I'm trying to run K-means algorithm with predefined centroids. I have had a look at the following posts:
1.R k-means algorithm custom centers
2.Set static centers for kmeans in R
However, every time I run the command:
km = kmeans(df_std[,c(10:13)], centers = centroids)
I get the following error:
**Error: empty cluster: try a better set of initial centers**
I have defined the centroids as:
centroids = matrix(c(140.12774, 258.62615, 239.36800, 77.43235,
33.37736, 58.73077, 68.80000, 12.11765,
0.8937264, 0.8118462, 0.8380000, 0.8052941,
11.989858, 12.000000, 8.970000, 1.588235),
ncol = 4, byrow = T)
And my data, is a subset of a data frame say: df_std. It has been scaled already
df_std[,c(10:13)]
I'm wondering why would the system give the above error? Any help on this would be highly appreciated!

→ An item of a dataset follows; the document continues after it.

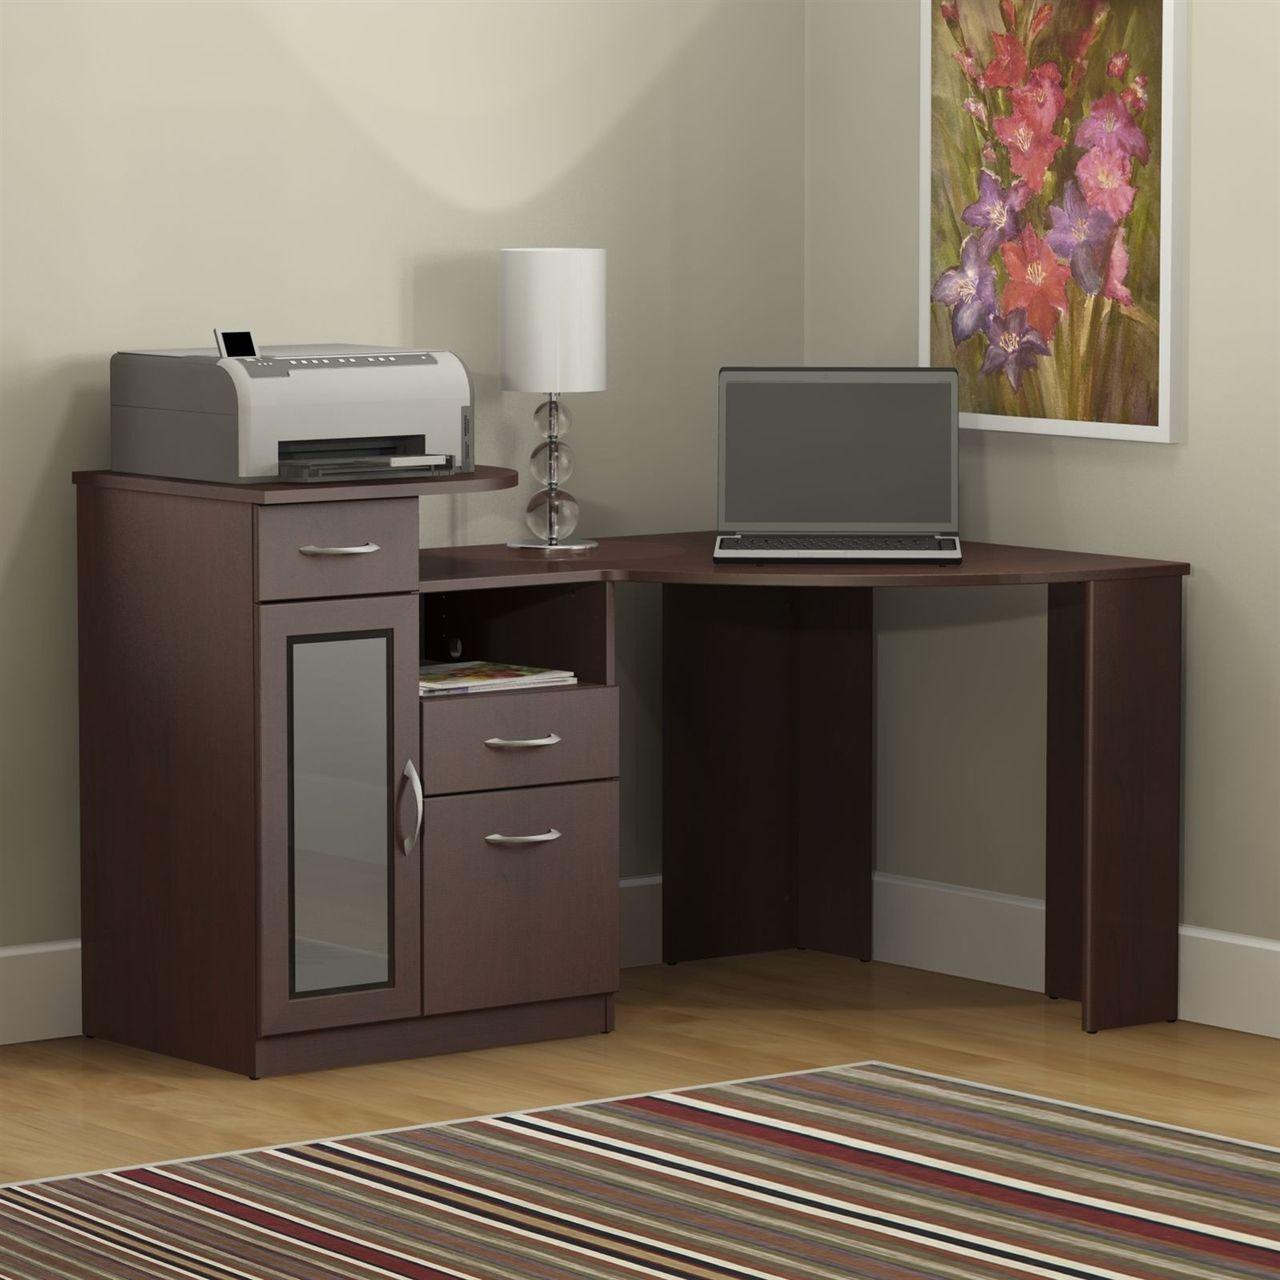 Medium Wood Finish Corner Computer Desk With Printer Shelf Corner Writing Desk Home Office Computer Desk Black Corner Computer Desk

While browsing for the specific error that I posted above:
Error: empty cluster: try a better set of initial centers
I found the following link to a conversation:
http://r.789695.n4.nabble.com/Empty-clusters-in-k-means-possible-solution-td4667114.html
Broadly speaking, the above error is generated when the centroids don't match with the data.
It can happen when k is a number: due to random starts of the k-means algorithm, there is a possibility that the centres do not match with data
It may also happen when k represents the centroids (my case). The problem was: my data was scaled but my centroids were unscaled.
The above shared link made me realise that there is a bug in my code. Hope it will help someone in a similar situation as mine!